Problem das ich nicht weiß wie ich den Sprite animieren soll (allgemein animieren), außerdem noch das der Hintergrund im Editor Modus dauernd aktualisiert werden muss und der Sprite zwischen den FirstLevelTiles und SecondLevelTiles gezeichnet werden sollte

Für Infos und Anregungen wäre ich sehr dankbar
Gruß Polli


----------



## Titanpharao (17. Okt 2007)

Ohne das ich dein Quellcode durchgelesen habe..

Habe das früher immer mit einer schleife gemacht, die denn NPC um x Felder versetzt hat.

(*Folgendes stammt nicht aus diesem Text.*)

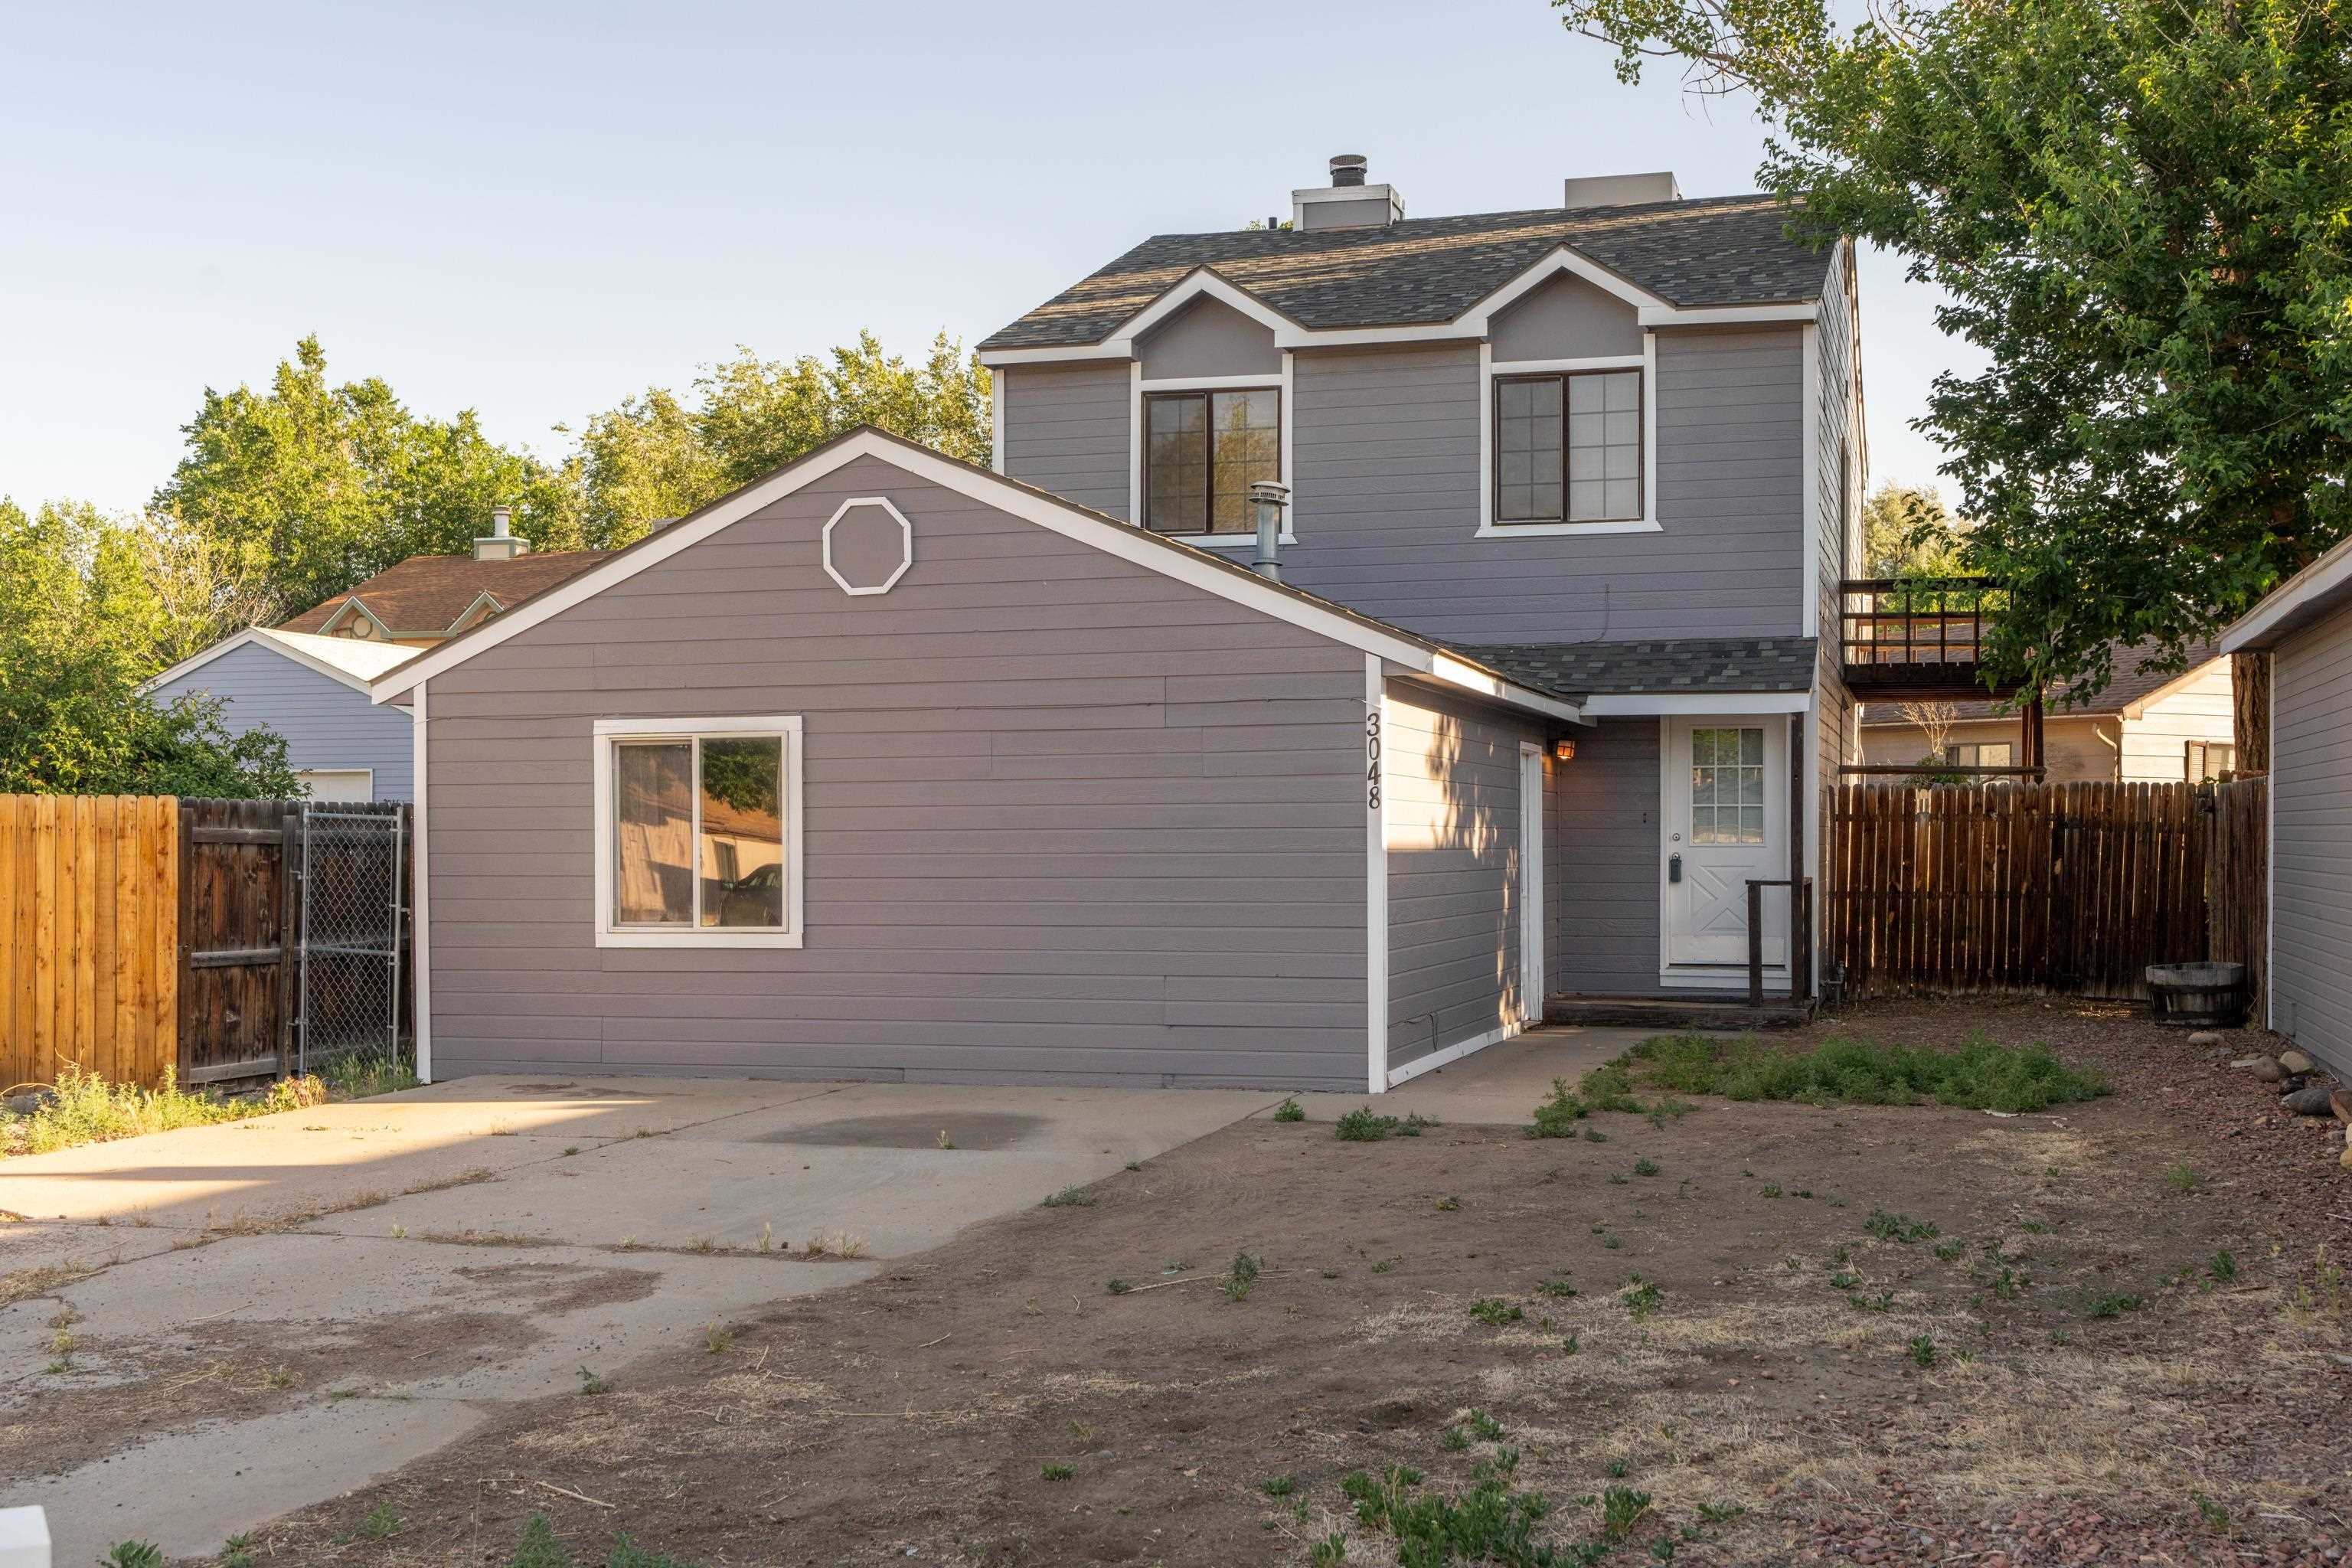 Great home in a convenient NE location. This home offers 3 bedrooms, 1 full bathroom and a 1/2 bath. Brand new flooring, newer carpet, freshly painted exterior and a huge bonus room.

Dannach repaint und schon haste ne Animation...nur muste dazu mit Thread.sleep(zeit); denn Frame Thread stilllegen...wie das geht bin ich auch noch am rätzlen...ging bis jetzt nur aus der Main herraus zu starten.

p.s.: Ich arbeite gerade an genau dem selben...und habe sowas ähnliches schonmal gemacht
Vergiss nicht das NPC's nicht durch Wände gehen können ;-)

http://img146.imageshack.us/my.php?image=ilsh2.jpg


----------



## Guest (17. Okt 2007)

lol ja NPC's und Players würde ich ja seperat von einer Sprite 
Klasse ableiten, damit dürfte das kein Problem sein 

aber das mit dem versetzen habe ich auch schon probiert aber entweder setzt 
das Hintergrundbild aus oder es fehlen die SecondLevel Tiles, oder der Sprite wird 
mit allen animImgaes hintereinander angezeigt, was ja eigentlich als abfolge sein soll
und nicht einfach zusammen angezeigt , bin am verzweifeln *heul*...

aber schon mal danke für die antwort


----------



## Polli85 (17. Okt 2007)

lol ja NPC's und Players würde ich ja seperat von einer Sprite 
Klasse ableiten, damit dürfte das kein Problem sein 

aber das mit dem versetzen habe ich auch schon probiert aber entweder setzt 
das Hintergrundbild aus oder es fehlen die SecondLevel Tiles, oder der Sprite wird 
mit allen animImgaes hintereinander angezeigt, was ja eigentlich als abfolge sein soll
und nicht einfach zusammen angezeigt , bin am verzweifeln *heul*...

aber schon mal danke für die antwort


----------



## Quaxli (18. Okt 2007)

Ich hab ja so gar nix verstanden, wo Euer Problem ist 
Wir sprechen ja von Java und Objektorientierung:

Damit ist üblicherweise Player eine eigene Klasse und Map eine eigene Klasse. Beide besitzen dann eine paint-Methode, die ein Graphics-Objekt übergeben bekommt und zwar das aus der paint-Methode des Game-Panel oder -Fensters.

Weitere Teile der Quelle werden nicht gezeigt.